DOENÇA CRONICA E STATUS SOCIAL

 

          Diferentemente de outros problemas de saúde, os problemas crônicos parecem afetar com frequência semelhante os diversos grupos sociais, ainda que sua gravidade possa variar, sendo maior entre os socialmente excluídos, conforme observado por Trevena et al. (2001) ao comparar a prevalência de doenças crônicas entre moradores de rua e a população geral em Sidney, Austrália. Portanto, doenças crônicas não são exclusivas da parte rica da população.           
          Paradoxalmente ao pressuposto de que DI acometem mais aos pobres, e DCNT, aos ricos, pesquisas mostram que grupos étnicos e raciais menos privilegiados tem enorme participação na carga resultante de DCNT, desproporcional ao que representam na população brasileira. Um exemplo desse problema é a população indígena moderna.

              
  As populações indígenas brasileiras estão passando por mudanças intensas em sua relação com a terra, o trabalho e a urbanização, o que está afetando sua saúde de maneira sem precedentes. Como em outros países, em relação à alimentação, os povos indígenas vêm sofrendo uma rápida mudança, caracterizada por um ganho de peso generalizado, maior que a média nacional. Por exemplo, os Xavante localizados na região das Reservas Indígenas Sangradouro-Volta Redonda e Pimentel Barbosa tiveram uma prevalência de obesidade em 1998-99 de cerca de 25% nos homens e 41% nas mulheres. Acredita-se que a dieta cada vez mais ocidental e a redução da prática de atividades físicas por conta de mudanças macrossociais sejam as causas diretas desses níveis de obesidade. Consequentemente, obesidade, hipertensão e diabetes estão se tornando questões de saúde pública cada vez mais graves nessa população.
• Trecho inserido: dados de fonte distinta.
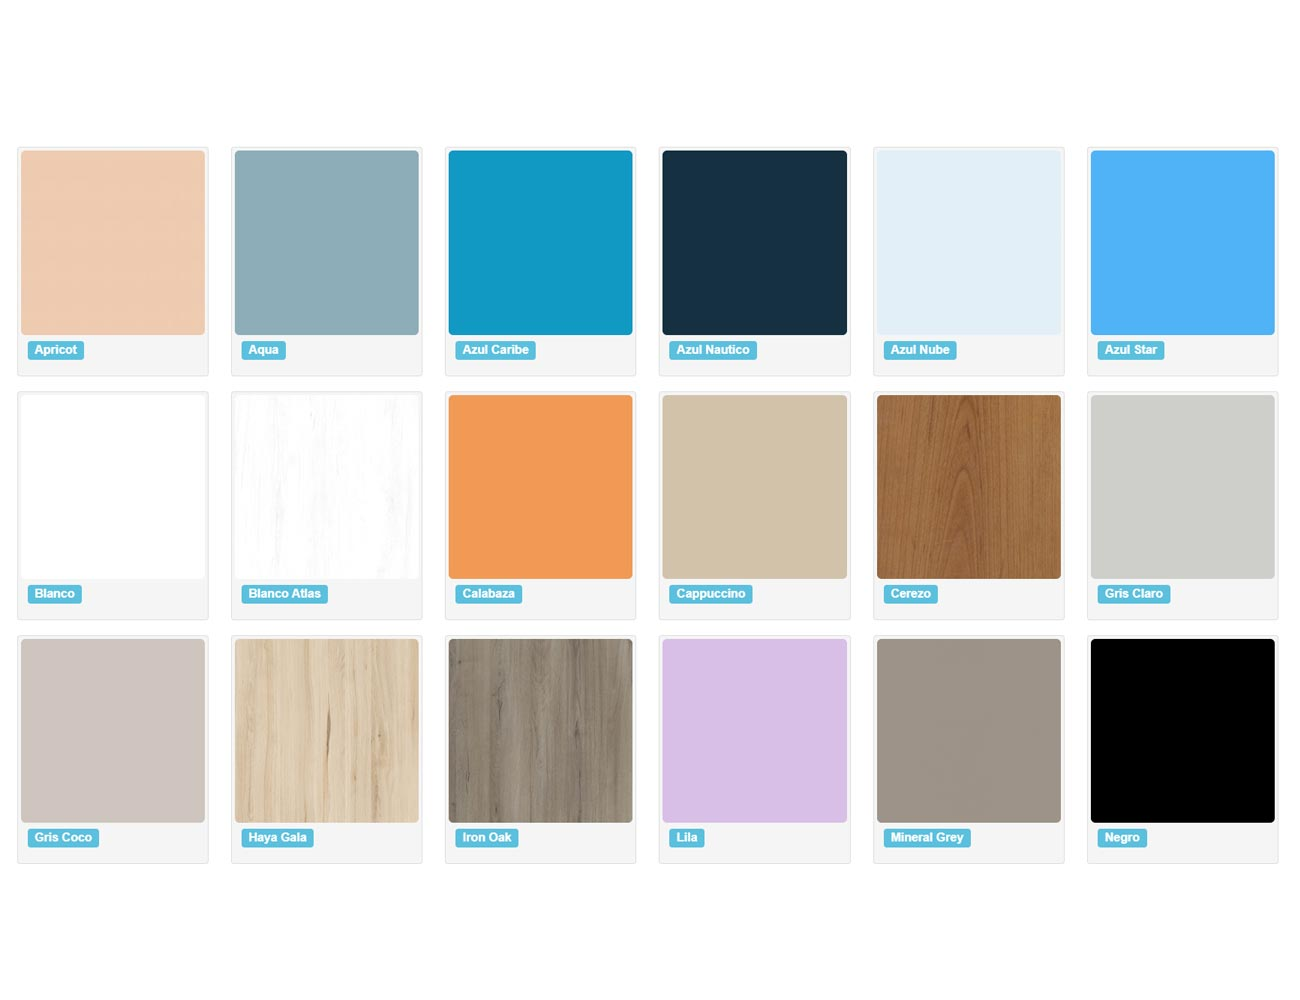 Colores214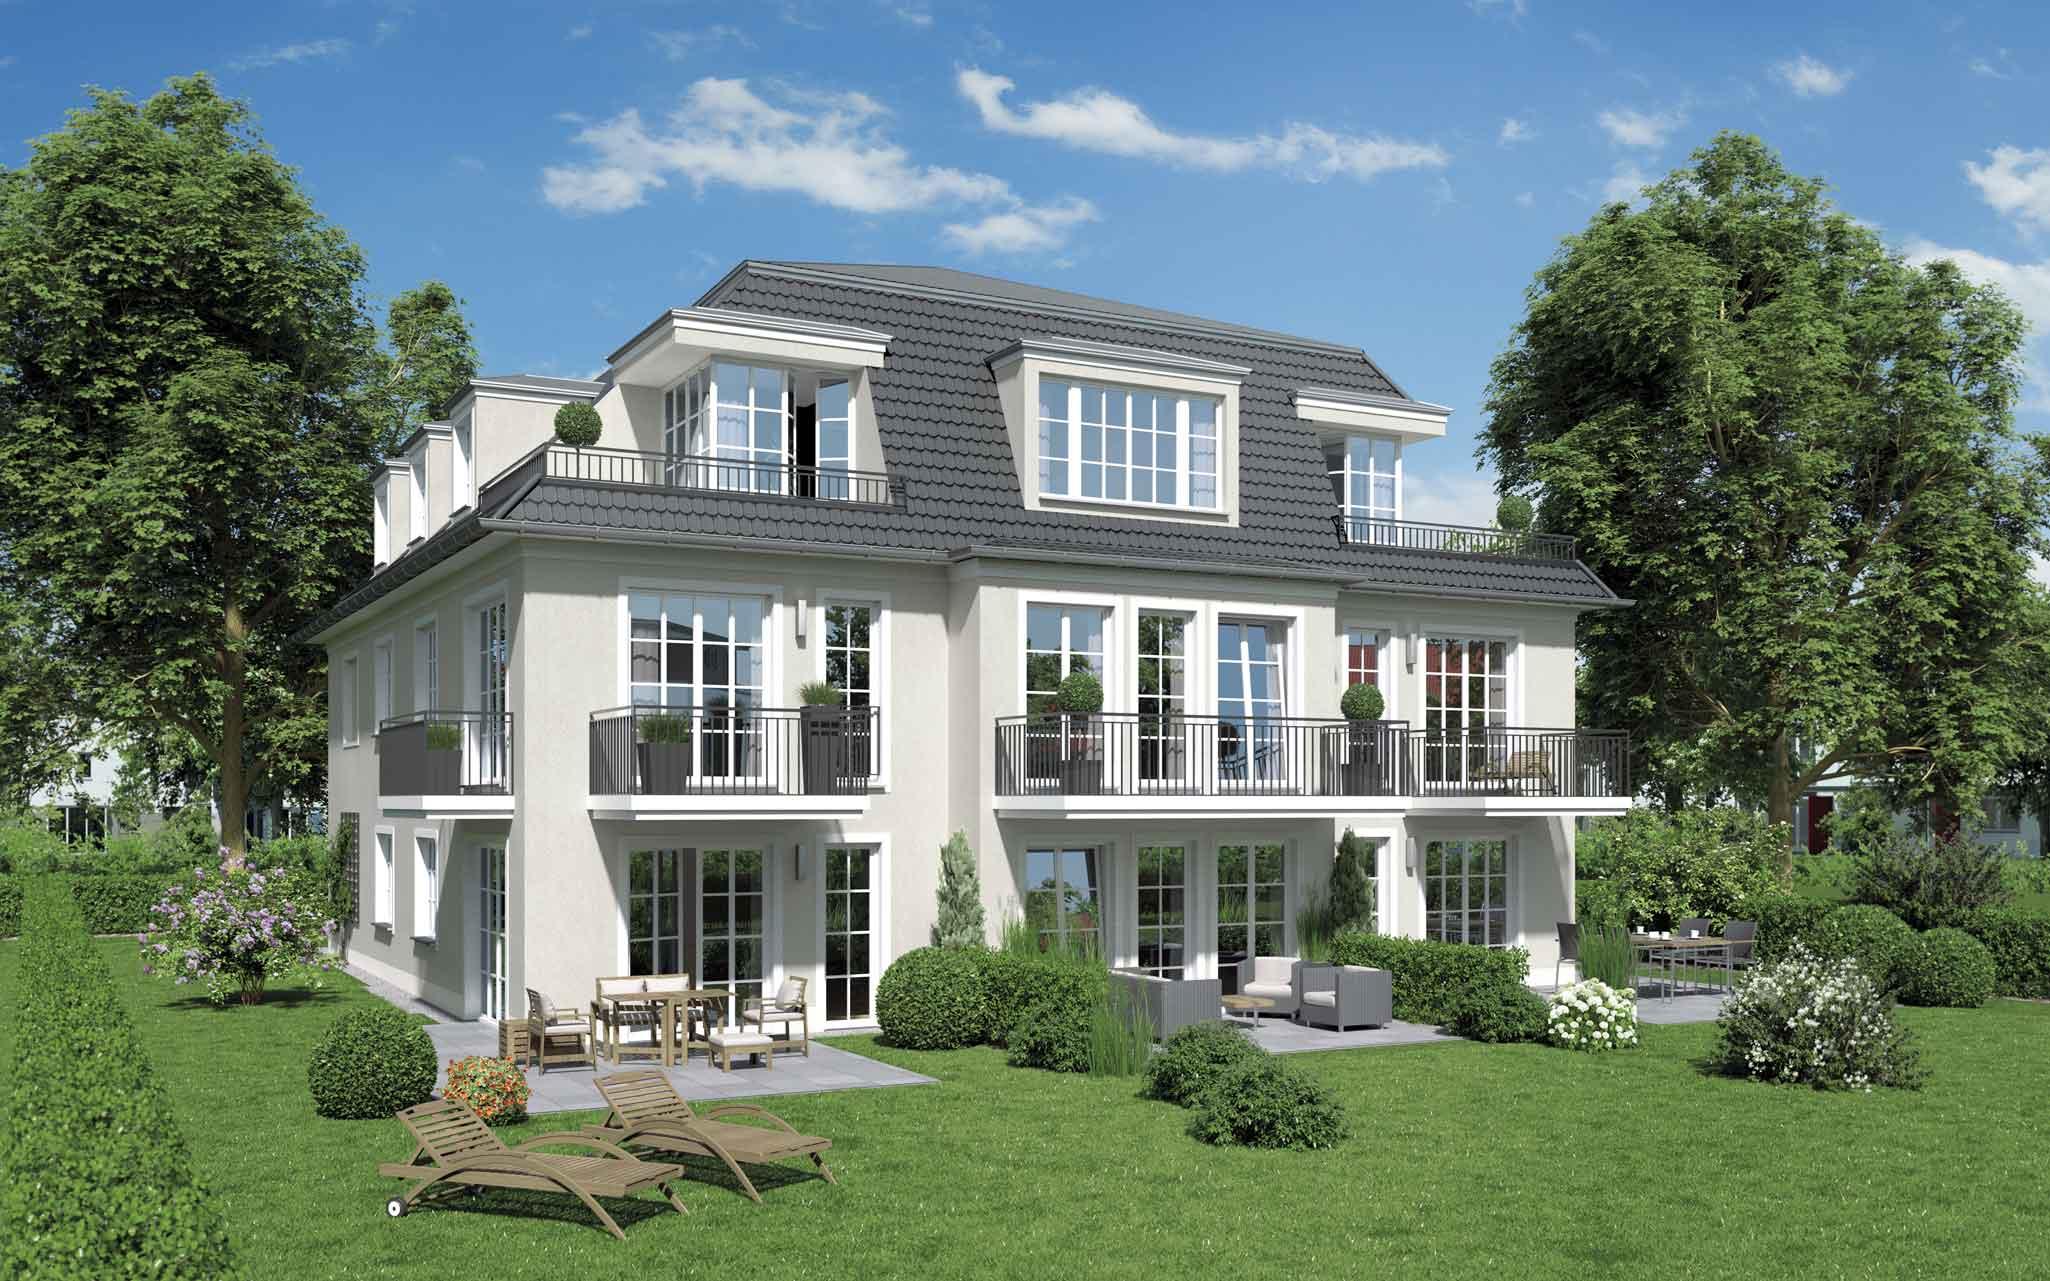 eckart immobilien bautr ger grundbesitz ihr bautr ger in m nchen. Black Bedroom Furniture Sets. Home Design Ideas

          Pode-se concluir que a incidência de doenças crônicas não está relacionada ao maior poder aquisitivo da população (status social), ou ao maior desenvolvimento de um país. Ao contrario do que se pensa, as DCNT tem atingido todas as classes sociais e todos os países com diferentes níveis de mortalidade. Esses níveis estão relacionados, na verdade, a cultura da região quanto aos hábitos alimentares e às praticas físicas, estilo de vida repassado pela globalização. Como também a falta de preparo de países em desenvolvimento para lidar com as doenças crônicas,  agravando a situação da população mais carente, que sofre mais com essa situação.
 

            Se ser chique é ser diferenciada e um modelo a se seguir, então, talvez o chique não seja o "status" que uma doença tenha, ou a quem ela acomete, talvez o chique seja manter os hábitos de vida saudável e feliz.